20W LED Stuck 'On' with IRF520

Hi all.
I built and tested the below motion detector using a Nano, MPU6050, and IRF520 MOSFET to drive a shaped pulse on a 20W LED. Worked fine, so went ahead and built+installed 50 units as per my plan.
However: Of the 50 working units, 4 or 5 (I think the same ones) behave badly. Once the motion threshold is tripped, the pulse sequence seems to work as usual, but the LED then remains stuck On, until I or reset or power off-on the unit.

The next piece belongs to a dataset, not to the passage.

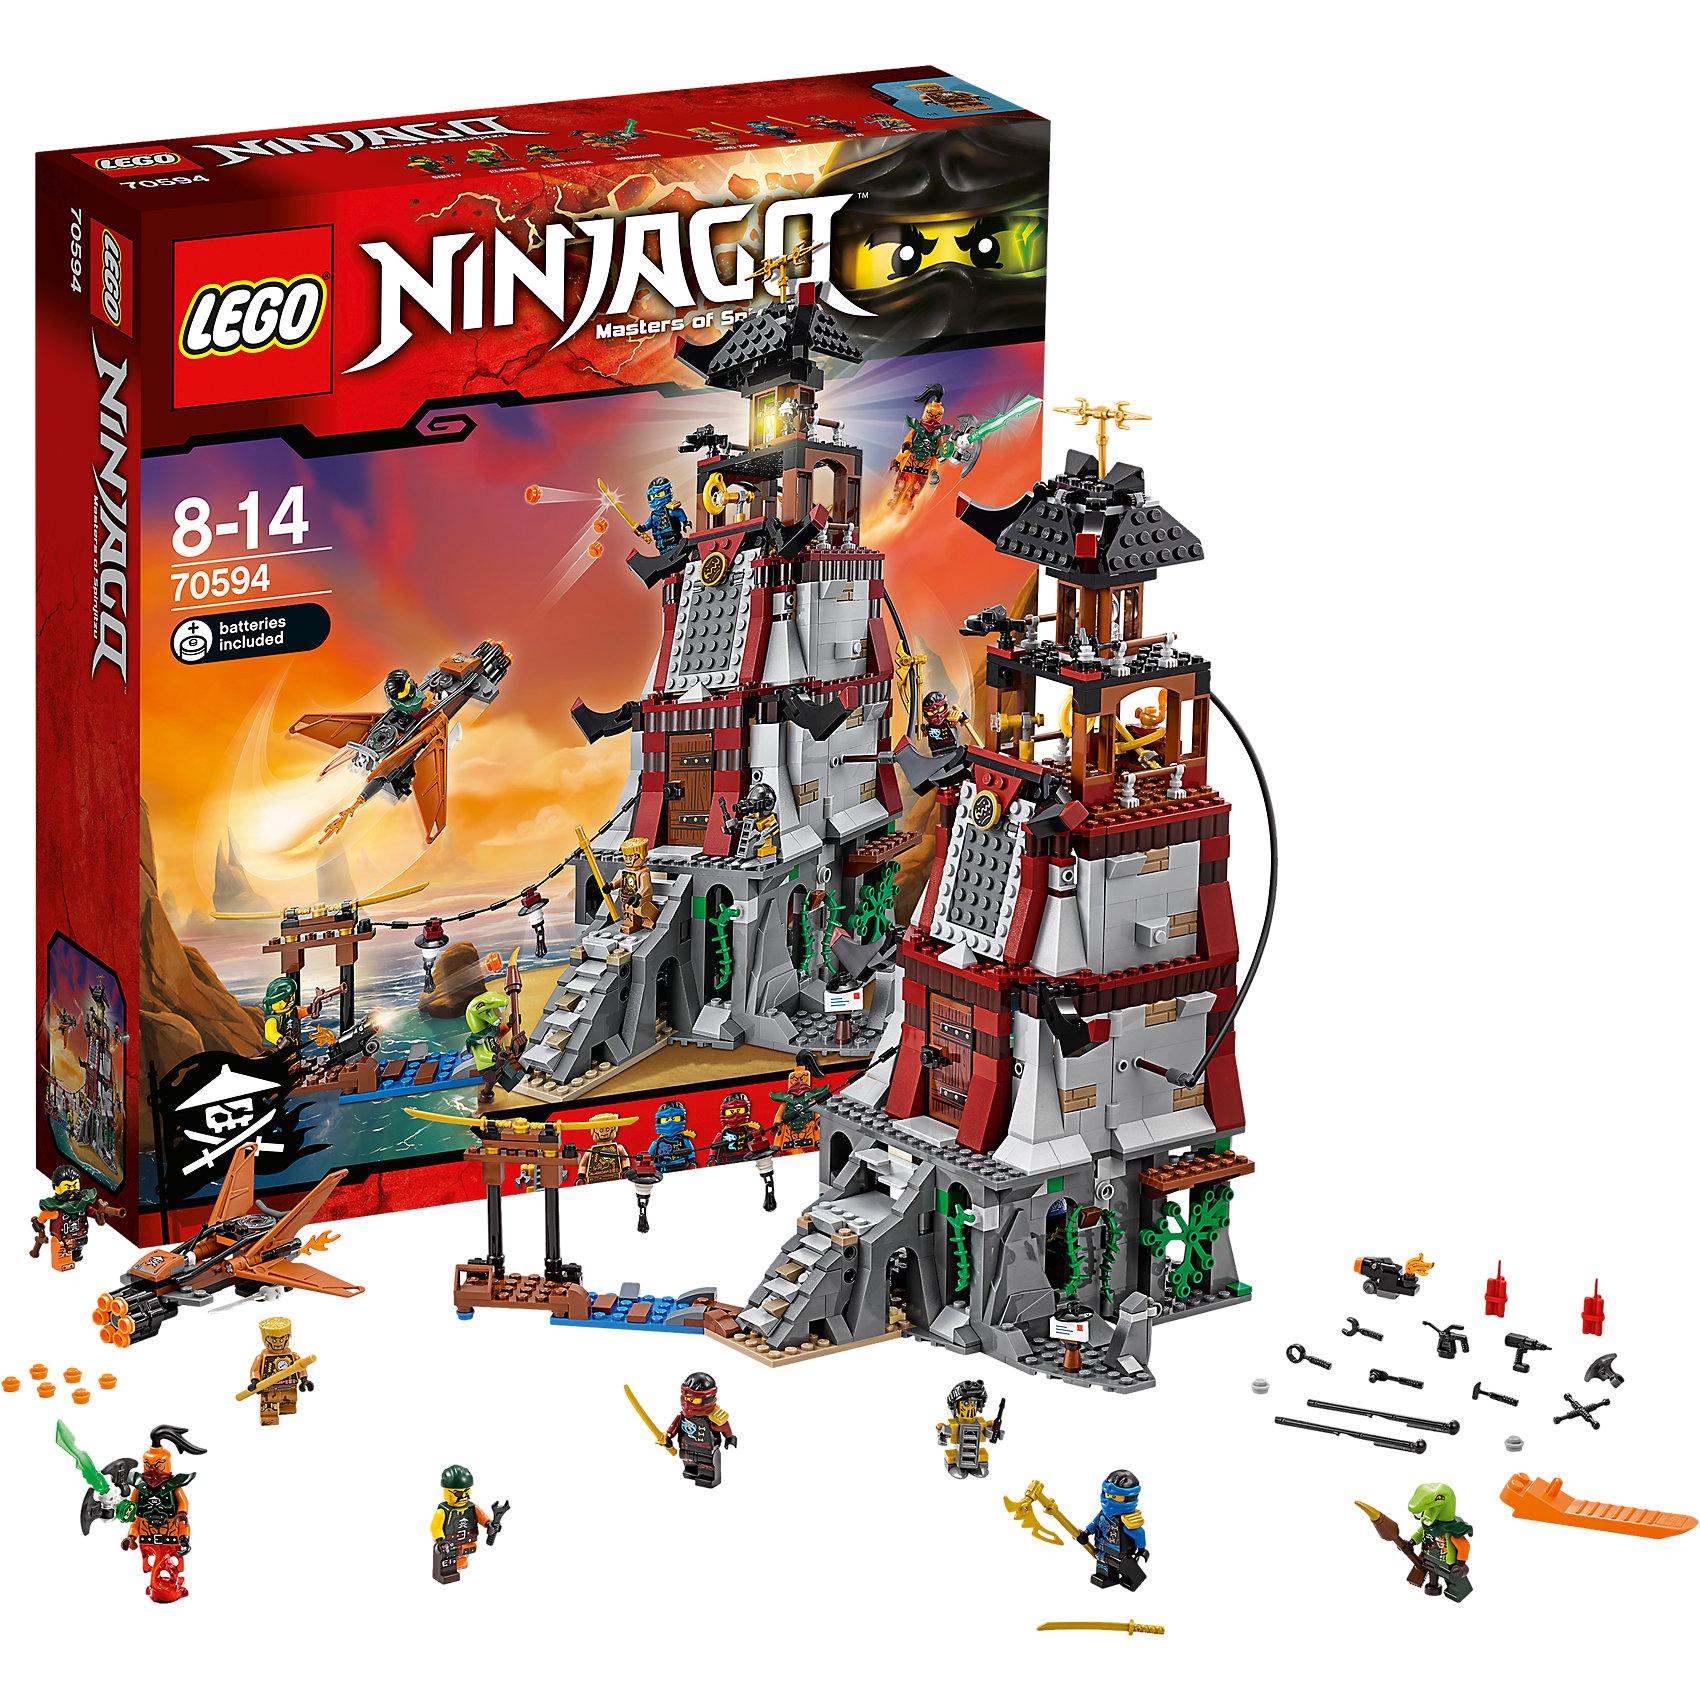 LEGO NINJAGO 70594: Осада маякаПластмассовые конструкторы<br>Характеристики:<br><br>• Предназначение: набор для конструирования, сюжетно-ролевые игры<br>• Пол: для мальчиков<br>• Материал: пластик<br>• Цвет: серый, коричневый, черный, зеленый, желтый<br>• Серия LEGO: NINJAGO<br>• Размер упаковки (Д*Ш*В): 37,5*10*32,5 см<br>• Вес: 1 кг 300 г<br>• Количество деталей: 767 шт.<br>• Наличие двигающихся, вращающихся и открывающихся элементов<br>• Комплектация: детали для маяка, ловушек, тюремной камеры, 8 мини-фигурок<br>• Батарейки: 2 шт. типа LR41 (предусмотрены в комплекте)<br><br>LEGO NINJAGO 70594: Осада маяка – набор от всемирно известного производителя конструкторов для детей всех возрастных категорий. LEGO NINJAGO 70594: Осада маяка является набором серии NINJAGO, который может быть как базовым, так и дополнительным к другим моделям серии. Набор включает в себя детали для сборки маяка со множеством ловушек и тюремной камерой, а также 8 мини-фигурок. В комплекте предусмотрена яркая инструкция, которая научит вашего ребенка действовать по образцу. <br>Игры с конструкторами LEGO развивают усидчивость, внимательность, мелкую моторику рук, способствуют формированию конструкторского мышления. С набором LEGO NINJAGO 70594: Осада маяка ваш ребенок сможет придумывать целые сюжетные истории, развивая тем самым воображение и обогащая свой словарный запас. <br><br>LEGO NINJAGO 70594: Осада маяка можно купить в нашем интернет-магазине.<br><br>Ширина мм: 378<br>Глубина мм: 352<br>Высота мм: 100<br>Вес г: 1279<br>Возраст от месяцев: 96<br>Возраст до месяцев: 168<br>Пол: Мужской<br>Возраст: Детский<br>SKU: 4641245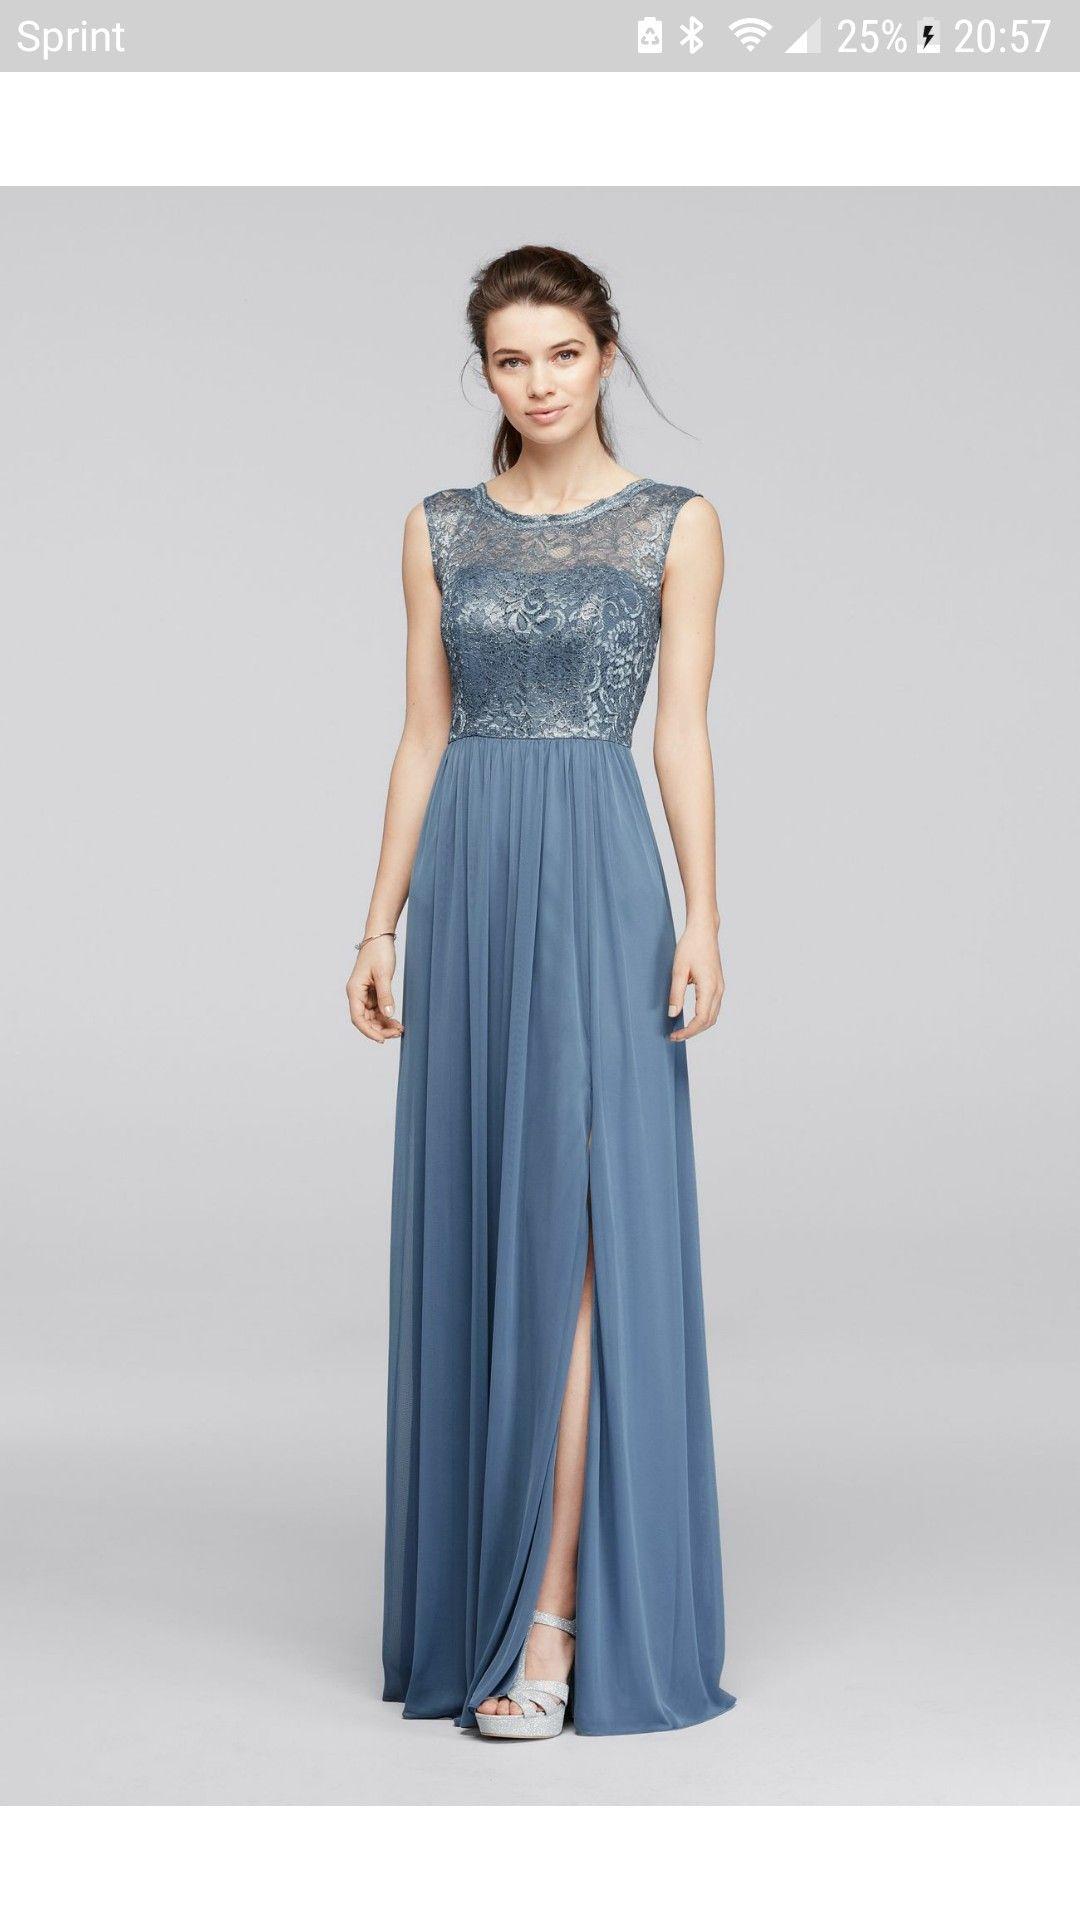 Steel Blue Bridesmaid Dresses | Steel Blue Metallic Wedding Planning Bridesmaid Dresses

Any idea what might be causing this ‘Stuck On’ state? :confused:
(PS - I am an Arduino noob…)

(circuit diagram attached below)

(role of the 40 ohm resistor is to slightly lower the voltage seen by Vin pin. Was using cheap knock-off Arduino’s and was advised not to trust the 12 (15V?) Vin max spec).

And here’s the code:

int ledPin=3;
float sinVal;
int ledVal;
const int MPU_addr=0x68;  // I2C address of the MPU-6050
const int Thr=500; // Movement sensing threshold to trigger the LED
int16_t AcX,AcY,AcZ,TotAc,TotAcOld;
void setup(){
 TotAcOld=Thr;
  pinMode(ledPin, OUTPUT);
  Wire.begin();
  Wire.beginTransmission(MPU_addr);
  Wire.write(0x6B);  // PWR_MGMT_1 register
  Wire.write(0);     // set to zero (wakes up the MPU-6050)
  Wire.endTransmission(true);
  Serial.begin(9600);
}
void loop(){
  Wire.beginTransmission(MPU_addr);
  Wire.write(0x3B);  // starting with register 0x3B (ACCEL_XOUT_H)
  Wire.endTransmission(false);
  Wire.requestFrom(MPU_addr,6,true);  // request a total of 6 registerMs - Acceleration only
  AcX=Wire.read()<<8|Wire.read();  // 0x3B (ACCEL_XOUT_H) & 0x3C (ACCEL_XOUT_L)     
  AcY=Wire.read()<<8|Wire.read();  // 0x3D (ACCEL_YOUT_H) & 0x3E (ACCEL_YOUT_L)
  AcZ=Wire.read()<<8|Wire.read();  // 0x3F (ACCEL_ZOUT_H) & 0x40 (ACCEL_ZOUT_L)
  TotAc=int(sqrt(sq(long(AcX))+sq(long(AcY))+sq(long(AcZ)))); 
  if (abs(TotAc-TotAcOld)>Thr){
    PulseLed(); 
  }
  TotAcOld=TotAc; 
  //Serial.println(TotAc);
  delay(200);
}

void PulseLed(){
  for (int x=3; x<178; x++) {
// to get quick rise and slower decay pulse shape
sinVal = (sin(x*(3.1412/180)));
ledVal = int(sinVal*255);
analogWrite(ledPin, ledVal);
delay(x/10);
}
for (int x=100; x>0; x--) {
//slowly decaying tail of pulse
analogWrite(ledPin,x/8);
delay(400/(x+0.5));
}
digitalWrite(ledPin,LOW);
}

Your circuit diagram didn't load. so i don't know how you have it wired. But i've recently watched a couple detailed videos concerning mosfets to learn more about them to build a power supply, and i'm going to assume that you don't have a 1K resistor from the gate to the ground. Mosfets are designed once they receive a pulse and turn on, they will remain on until the gate grounds and looses all of it's charge. which is why it's staying on until you reset it. when you get time, check out this video. Power MOSFET Magic - YouTube

Thanks widlcat99s, yet something's wrong with the image URL so I attached as a file.
The 1k reistor IS there - see diagram - presumably to avoid the situation you describe. Tx.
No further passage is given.